*Collected material*:
----------

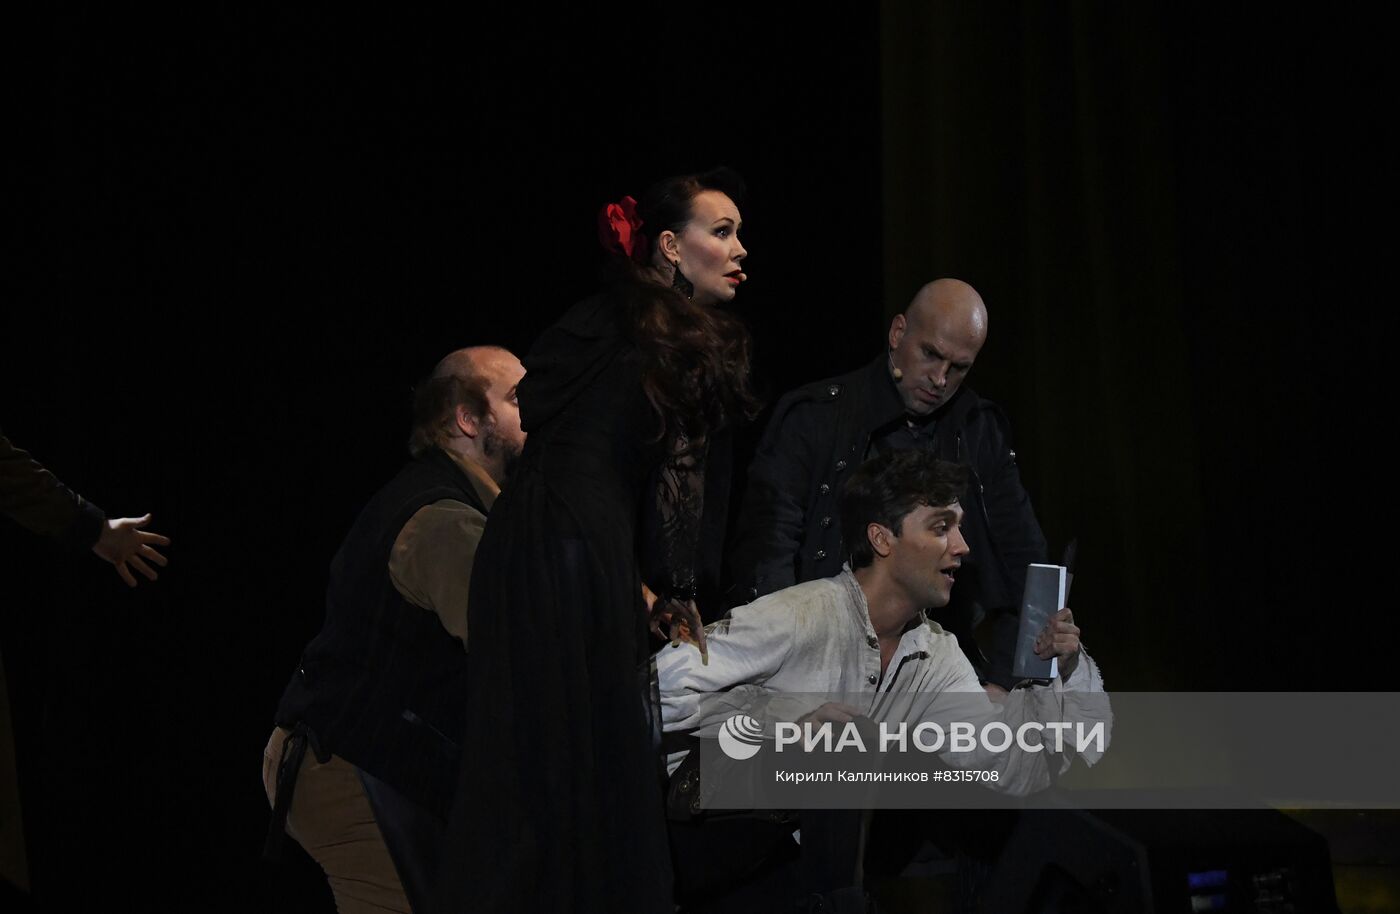 Показ мюзикла "Дон Жуан" с Н. Гришаевой и И. Ожогиным
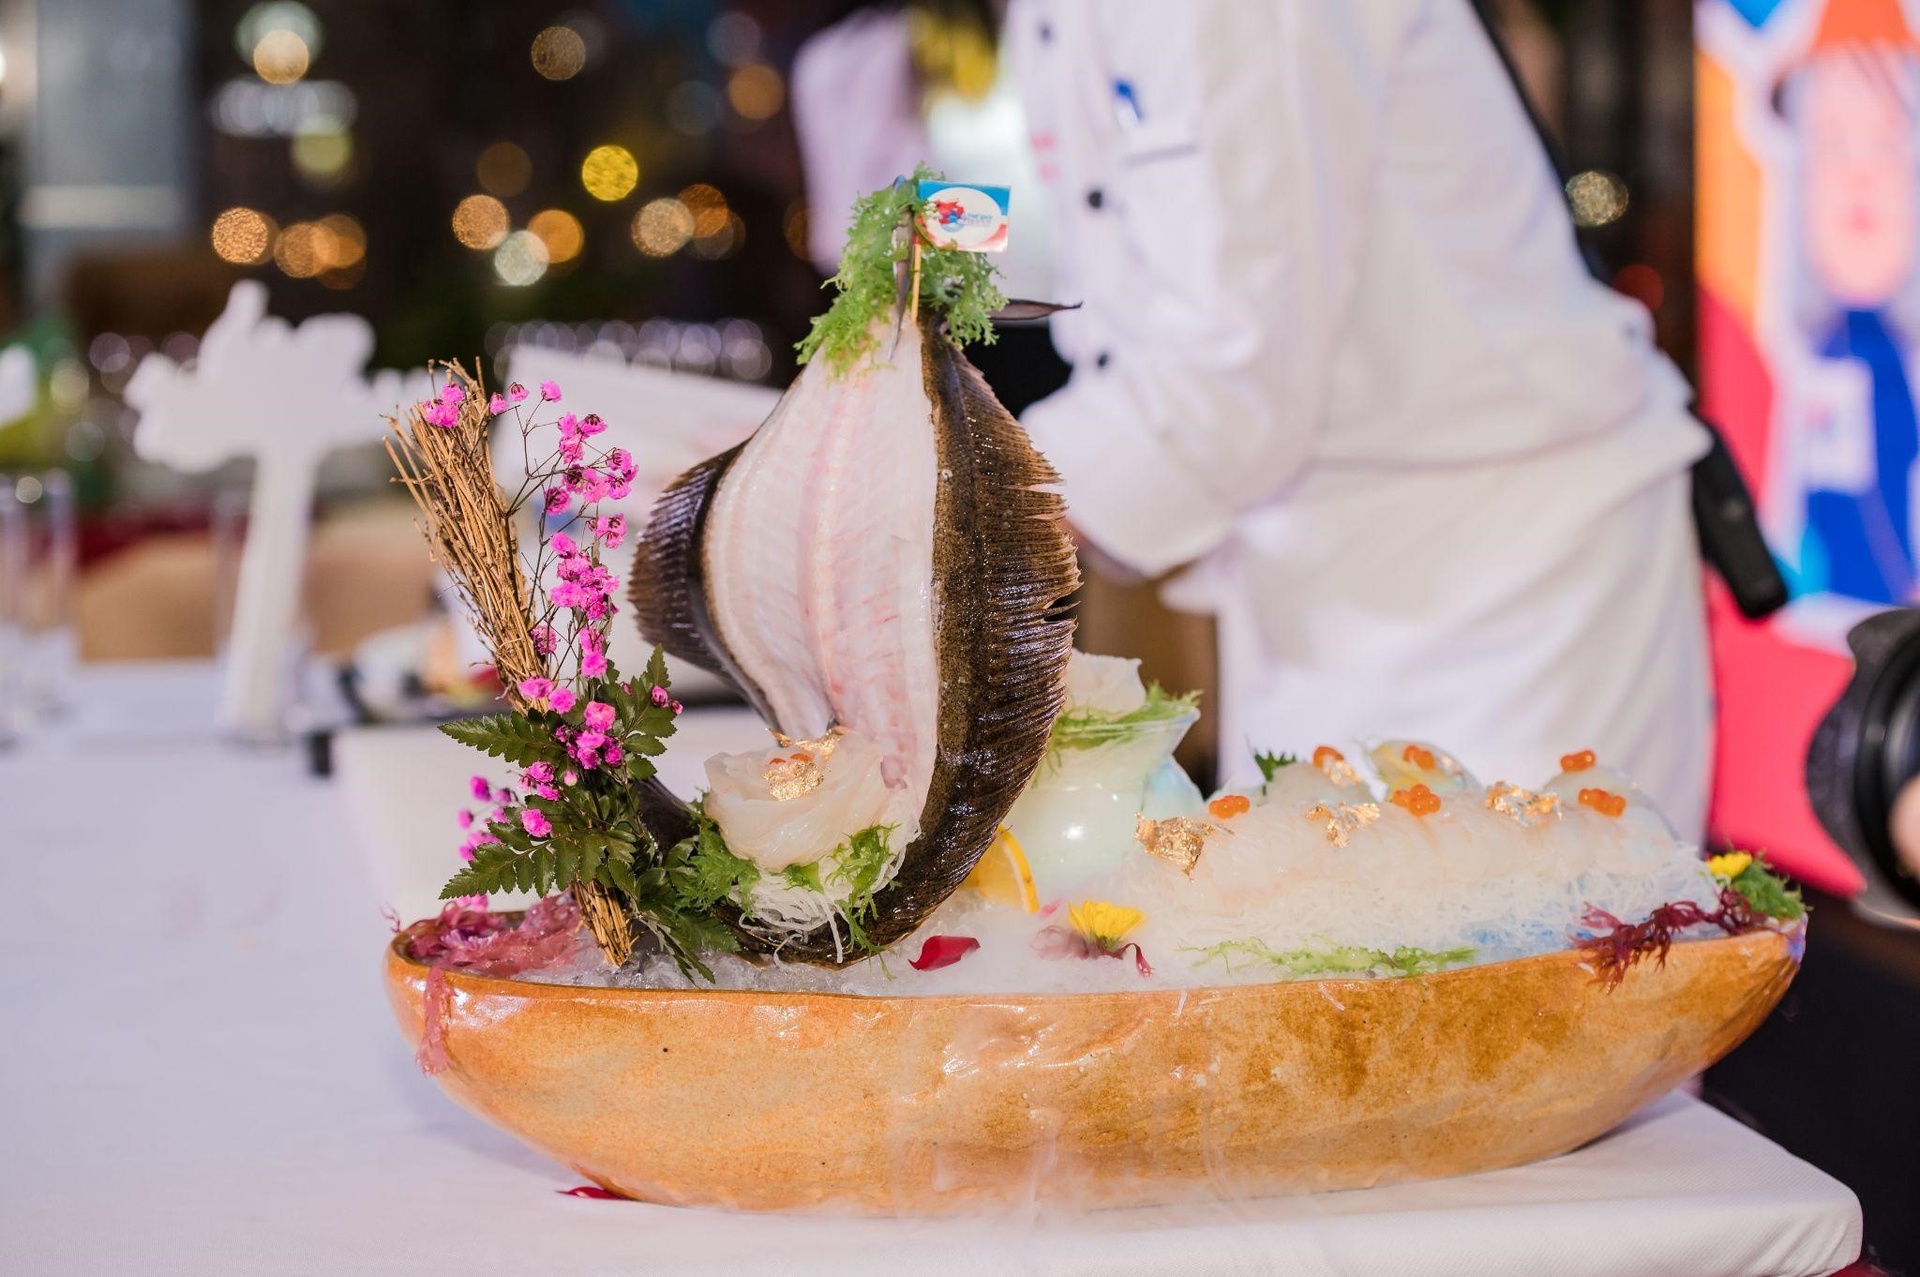 Thuyền sashimi “Thuận buồm xuôi gió” từ cá bơn olive độc đáo.
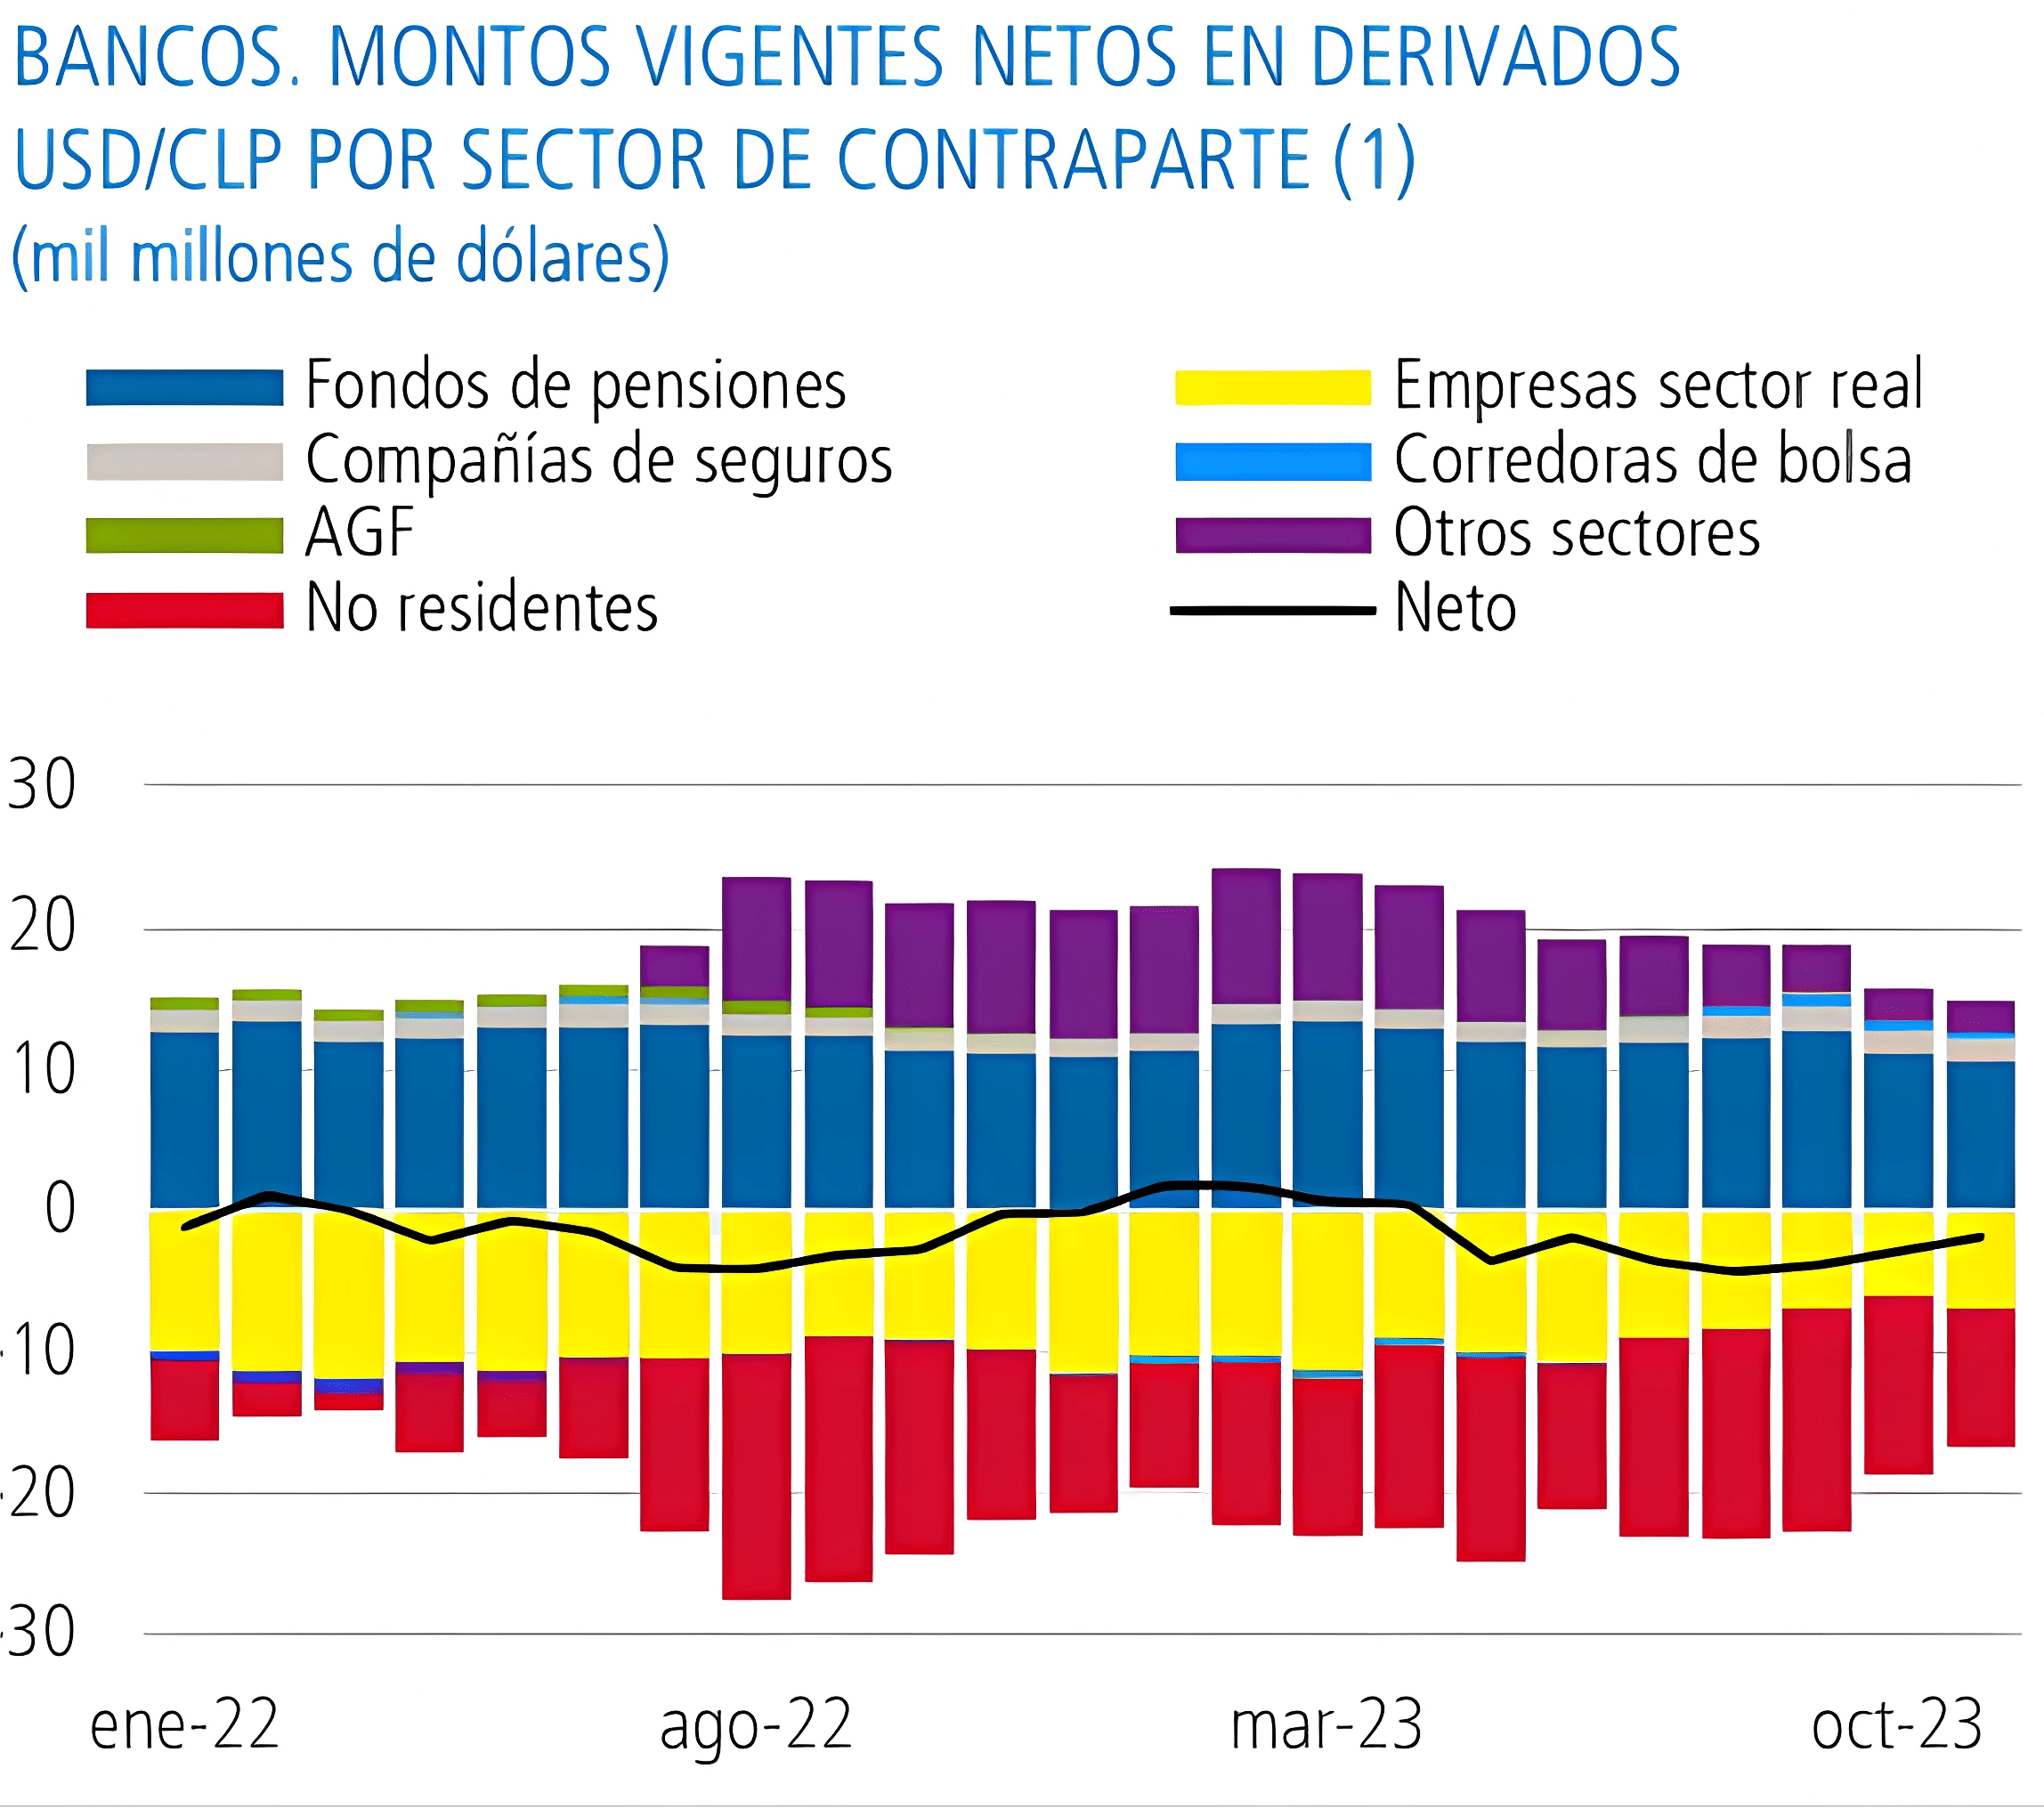 Montos vigentes netos en derivados chilenos por contraparte en 2023

----------

*Task objective*:
Wherever a picture appears in the listing above, drop it, and restate the rest exactly.

*Solved problem*:
 Показ мюзикла "Дон Жуан" с Н. Гришаевой и И. Ожогиным
 Thuyền sashimi “Thuận buồm xuôi gió” từ cá bơn olive độc đáo.
 Montos vigentes netos en derivados chilenos por contraparte en 2023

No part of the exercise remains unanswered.